Assume that $f:\mathbb{R}\to\mathbb{R}$ is continuous and differentiable everywhere but at $0$.
If $\displaystyle\lim_{x\to0} f'(x) = L$ exists, then does it follow that $f'(0)$ exists?
Prove or disprove.
I think it has to be true. I know that by definition $\displaystyle f'(0)=\lim_{h\to0}\frac{f(h)-f(0)}{h}$, but I could not able to further steps from here. could you please help me out.
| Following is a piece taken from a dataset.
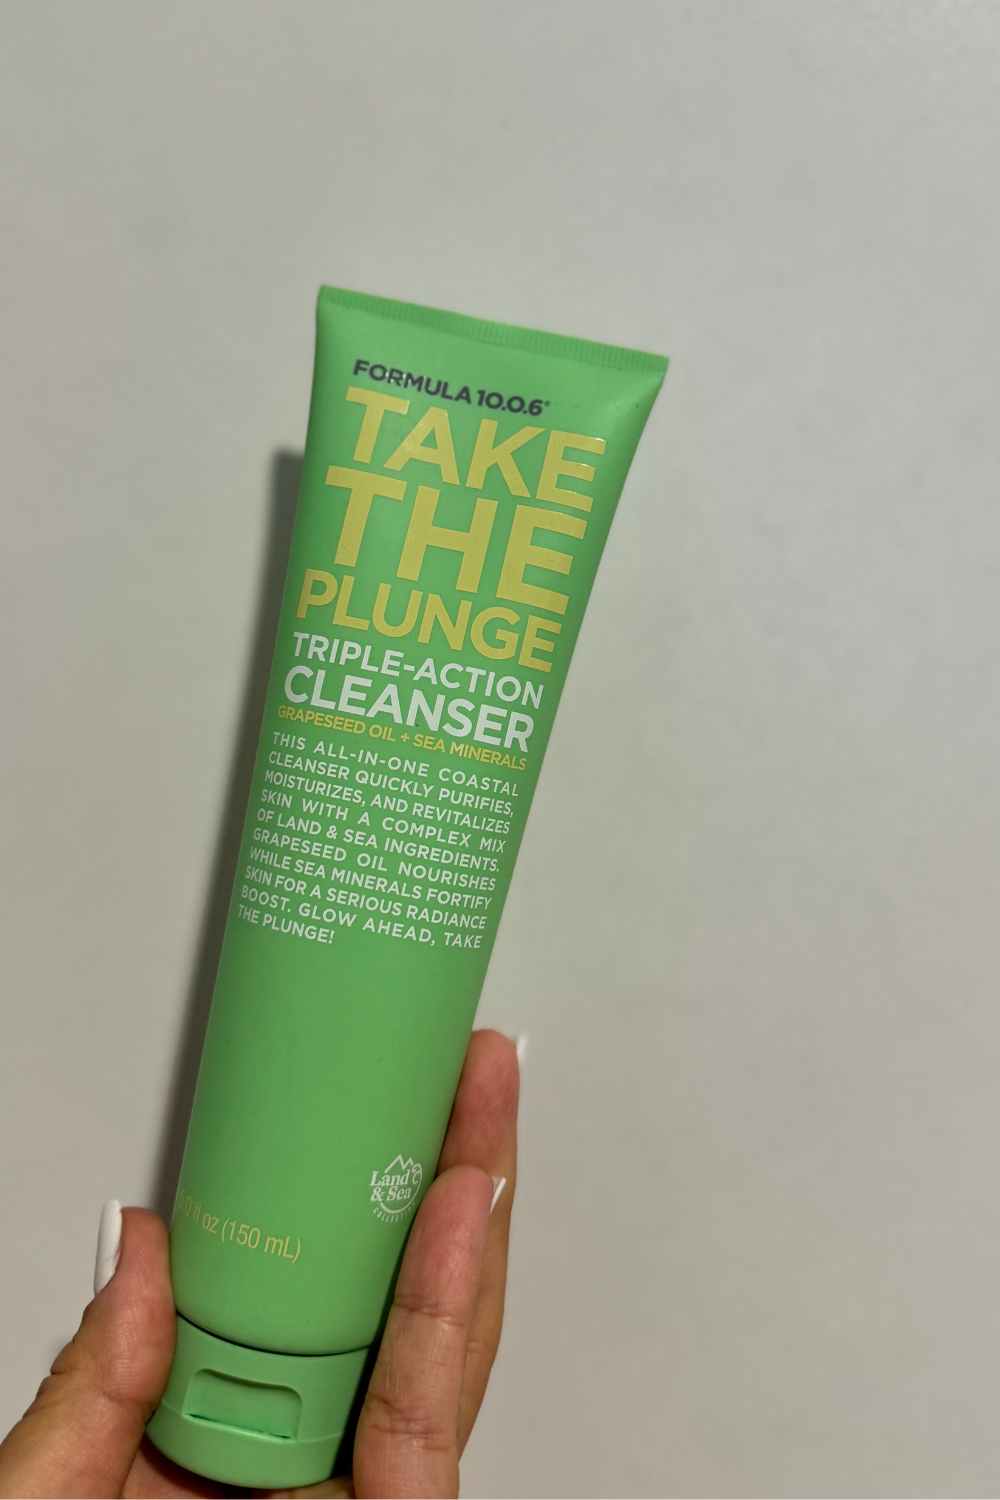 FORMULA 10.0.6 Take the Plunge Triple Action Cleanser: A Personal Review

By the mean value theorem there is $c_h\in(0,h)$ such that
$$\frac{f(h)-f(0)}h=f'(c_h)$$ so pass to the limit $h\to0^+$ and you get $f_r'(0)=L$. Similarly you get $f'_l(0)=L$. Conclude.
This is an application of L'Hospital's Rule:
$$f'(0) = \lim_{t \to 0} \frac{f(t)-f(0)}{t-0} = \lim_{t \to 0} f'(t)=L$$
where the second equality is given by the rule.
There is an ambiguity in your question. I assume you mean $f(x)$ is continuous everywhere but at $x=0$ and differentiable everywhere but at $x=0$. In this case what you said and the converse of what you said can be violated.
I give you some examples. Consider the following function
$$f(x) = \left\{ \matrix{ {x^2}\sin ({1 \over x})\,\,\,\,\,\,\,\,\,\,\,\,\,\,\,\,\,\,\,\,\,\,\,x \ne 0 \hfill \cr 0\,\,\,\,\,\,\,\,\,\,\,\,\,\,\,\,\,\,\,\,\,\,\,\,\,\,\,\,\,\,\,\,\,\,\,\,\,\,\,\,\,\,x = 0 \hfill \cr} \right.$$
It's derivative is
$$f'(x) = \left\{ \matrix{ 2x\sin ({1 \over x})\, - \cos ({1 \over x})\,\,\,\,\,\,\,\,\,\,\,\,\,\,\,x \ne 0 \hfill \cr 0\,\,\,\,\,\,\,\,\,\,\,\,\,\,\,\,\,\,\,\,\,\,\,\,\,\,\,\,\,\,\,\,\,\,\,\,\,\,\,\,\,\,\,\,\,\,\,\,\,\,\,\,\,\,\,\,\,\,x = 0 \hfill \cr} \right.$$
You can simply see that $f'(0)$ exist since
$$f'(0) = \mathop {\lim }\limits_{x \to 0} {{f(x) - f(0)} \over {x - 0}} = \mathop {\lim }\limits_{x \to 0} {{f(x)} \over x} = \mathop {\lim }\limits_{x \to 0} {{{x^2}\sin ({1 \over x})} \over x} = \mathop {\lim }\limits_{x \to 0} x\sin ({1 \over x}) = 0$$
but $\mathop {\lim f'(x)}\limits_{x \to 0} $ doesn't exist. Hence, the existence of $f'(0)$ doesn't imply the existence of $\mathop {\lim f'(x)}\limits_{x \to 0} $.
The vice versa can also happen, i.e., $\mathop {\lim f'(x)}\limits_{x \to 0} $ exists but $f'(0)$ doesn't exist. For this case you can consider the following simple function
$$f(x) = \left\{ \matrix{ \sin (x)\,\,\,\,\,\,\,\,\,\,\,\,\,\,\,\,\,\,\,\,\,\,\,\,\,\,\,\,\,\,x \ne 0 \hfill \cr 1\,\,\,\,\,\,\,\,\,\,\,\,\,\,\,\,\,\,\,\,\,\,\,\,\,\,\,\,\,\,\,\,\,\,\,\,\,\,\,\,\,x = 0 \hfill \cr} \right.$$
which is a discontinuous function at $x=0$ and hence $f'(0)$ doesn't exist but simply you can check that $\mathop {\lim f'(x)}\limits_{x \to 0} $ exists.
If you take:
$$\begin{align} f(x) = \begin{cases} x^2 & x \ne 0 \\ 1 & x = 0 \end{cases} \end{align}$$
then $f'(x) = 2 x$ unless $x = 0$, and $\lim_{x \to 0} f'(x) = 0$. But the definition of the derivative at $x = 0$ yields:
$$ \lim_{h \to 0} \frac{f(h) - f(0)}{h} = \frac{h^2 - 1}{h} $$
This just doesn't exist. The derivative has a "hole" (more precisely, a removable singularity) at $x = 0$.